Homework 8

Chapter 9: Two-level Longitudinal Data

Setup

Each of your assignments will begin with the following steps.

Going to our RStudio Server at http://turing.cornellcollege.edu:8787/
Creating a new R project, inside your homework folder on the server, and giving it a sensible name such as homework_8 and having that project in the course folder you created.
Create a new quarto document and give it a sensible name such as hw8.
In the YAML add the following (add what you don’t have). The embed-resources component will make your final rendered html self-contained.

---
title: "Document title"
author: "my name"
format:
  html:
    embed-resources: true
---

Instructions

Be sure to include the relevant R code as well as full sentences answering each of the questions (i.e. if I ask for the average, you can output the answer in R but also write a full sentence with the answer).
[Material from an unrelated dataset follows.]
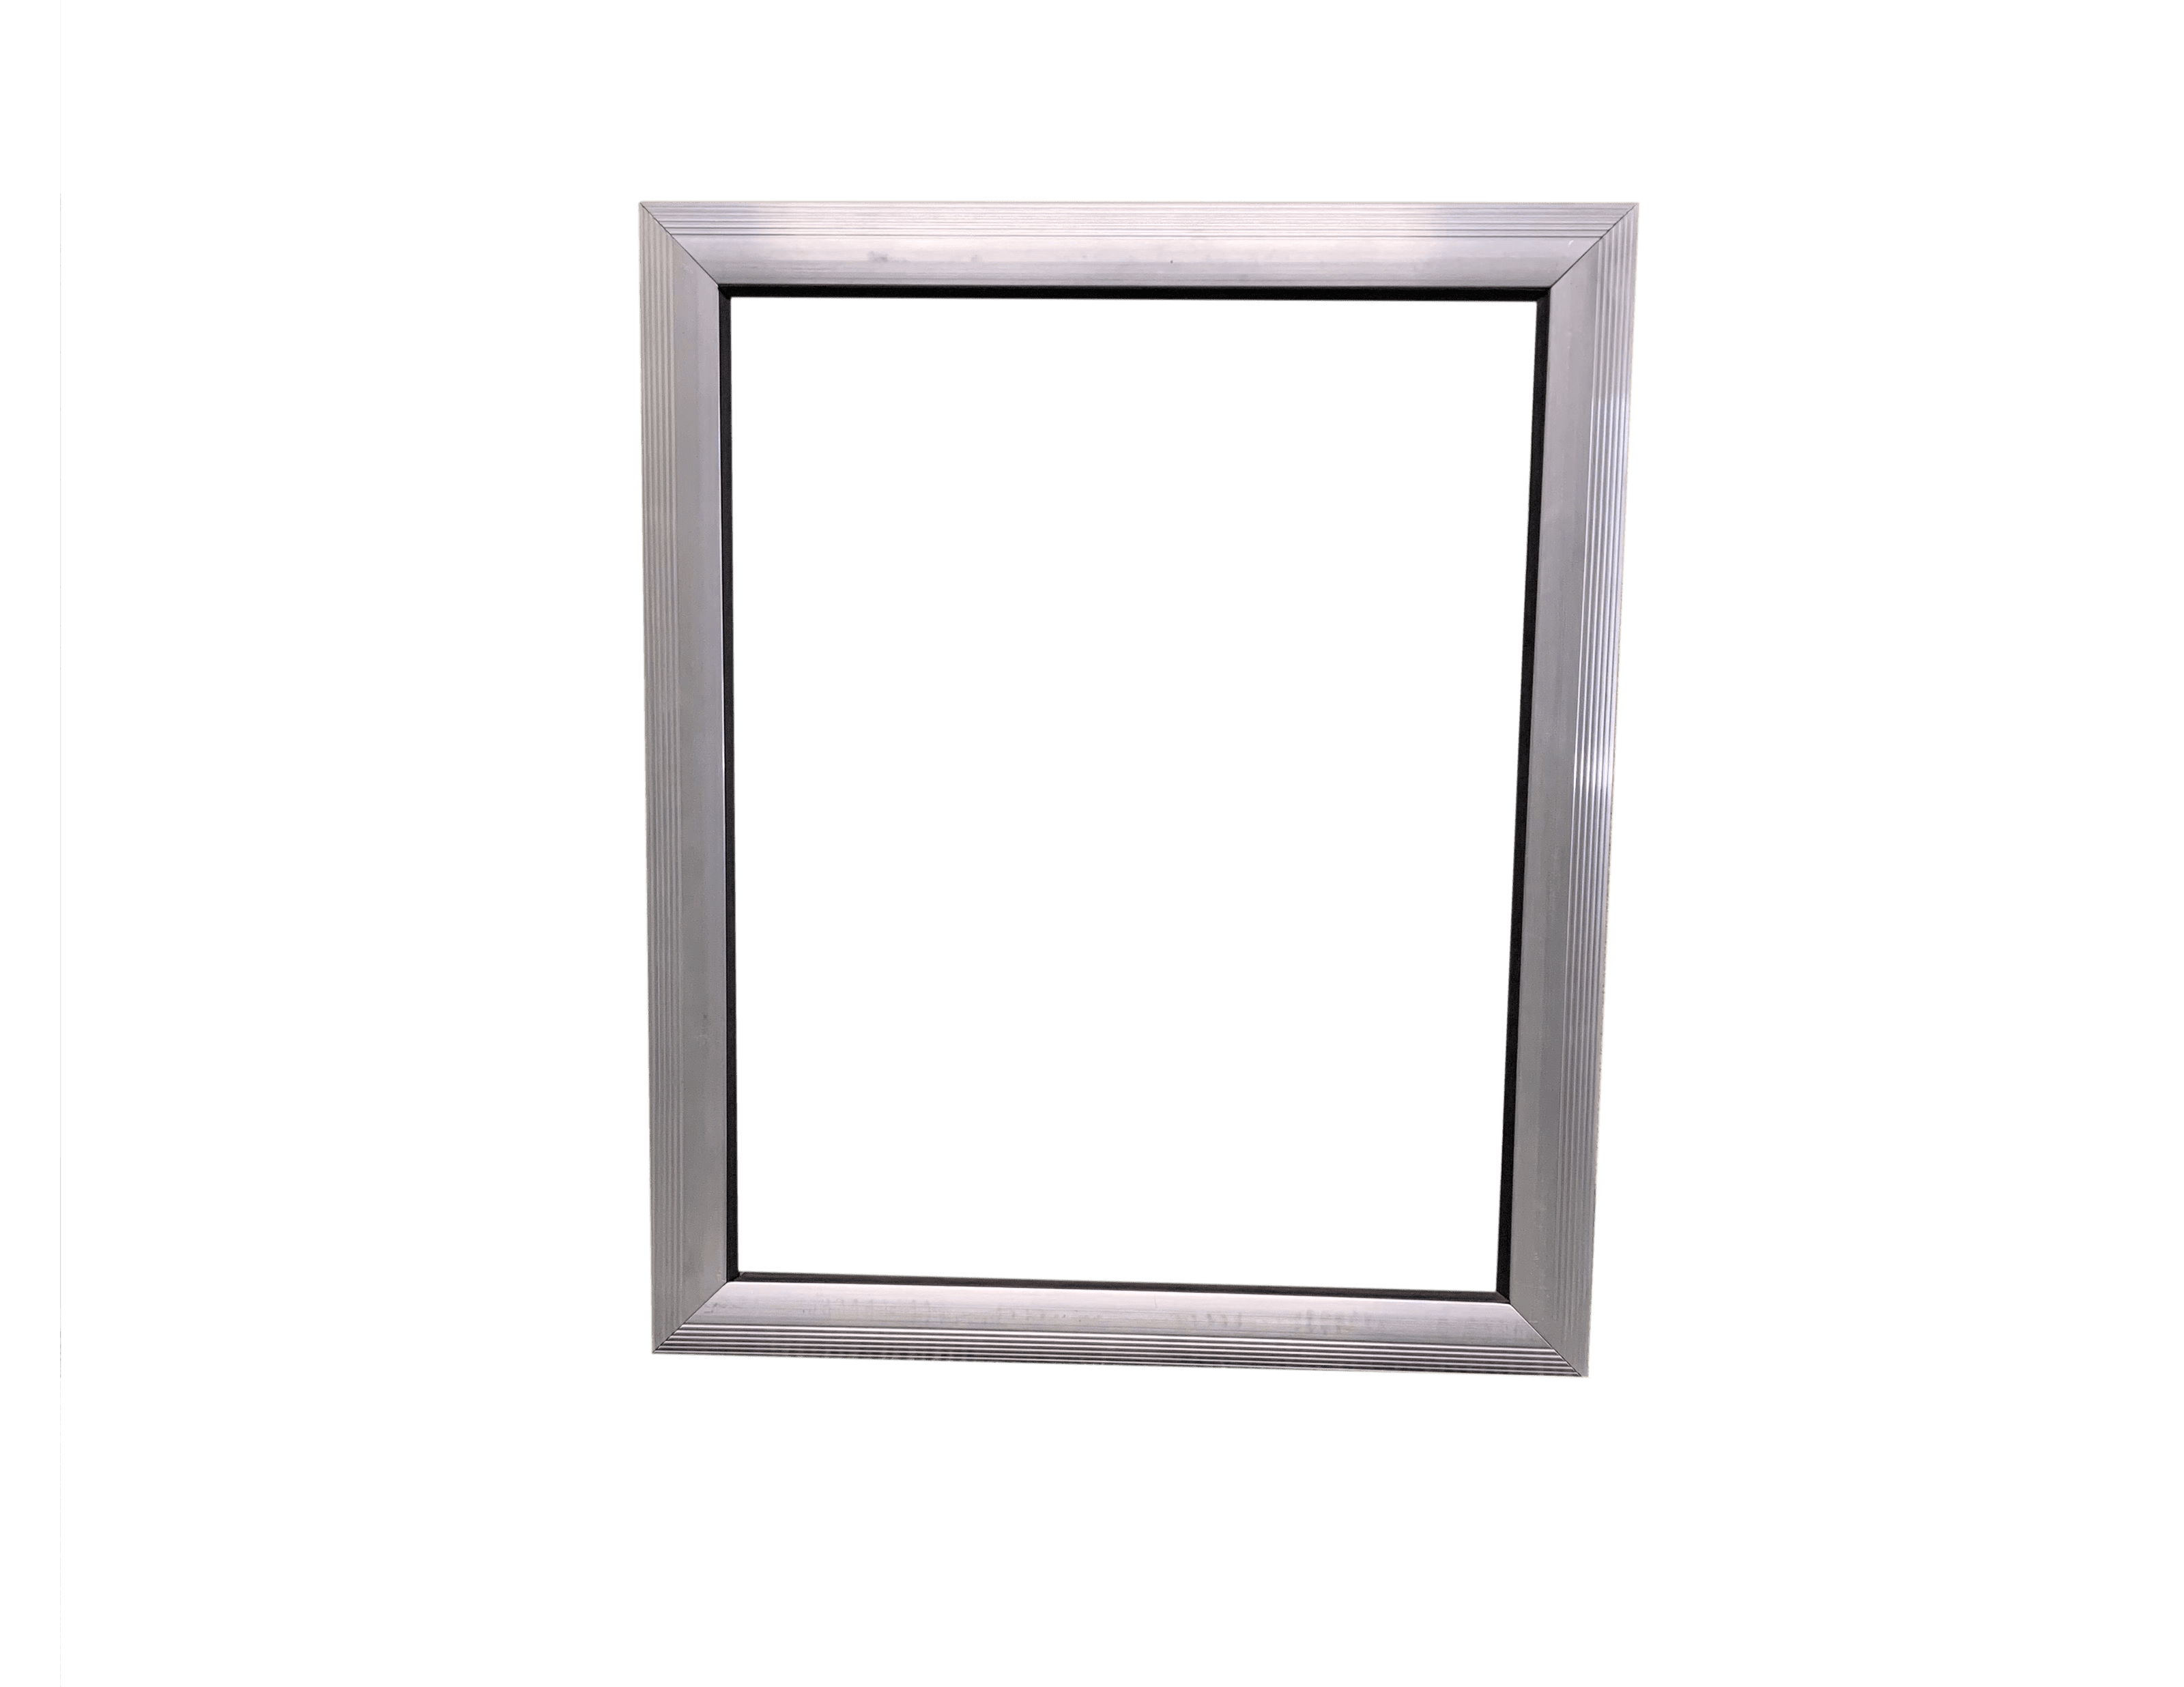 Saginaw Control SCE-AW2016SG Viewing Window - Extruded Aluminum Safety Glass, Height:24.00", Width:20.00", Depth:0.98",

Be sure to frequently save your files!

Data for the homework will be in the STA363_inst_files -> data folder.

Exercises

All problems are from The main textbook is: Beyond Multiple Linear Regression by Paul Roback and Julie Legler – it is freely available online. Chapters 1-9. Abbreviated BMLR.

Use the numbering on the left. The codes are for instructor use (Ex: C1).

(C1-5) Walker and Barnes (2001) describe, “Ethnic differences in the effect of parenting on gang involvement and gang delinquency: a longitudinal, hierarchical linear modeling perspective”. In this study, 300 ninth graders from one high school in an urban southeastern city were assessed at the beginning of the school year about their gang activity, the gang activity of their peers, behavior of their parents, and their ethnic and cultural heritage. Then, information about their gang activity was collected at 7 additional occasions during the school year.

For this study:

Give the observational units at Level One and Level Two
List potential explanatory variables at both Level One and Level Two.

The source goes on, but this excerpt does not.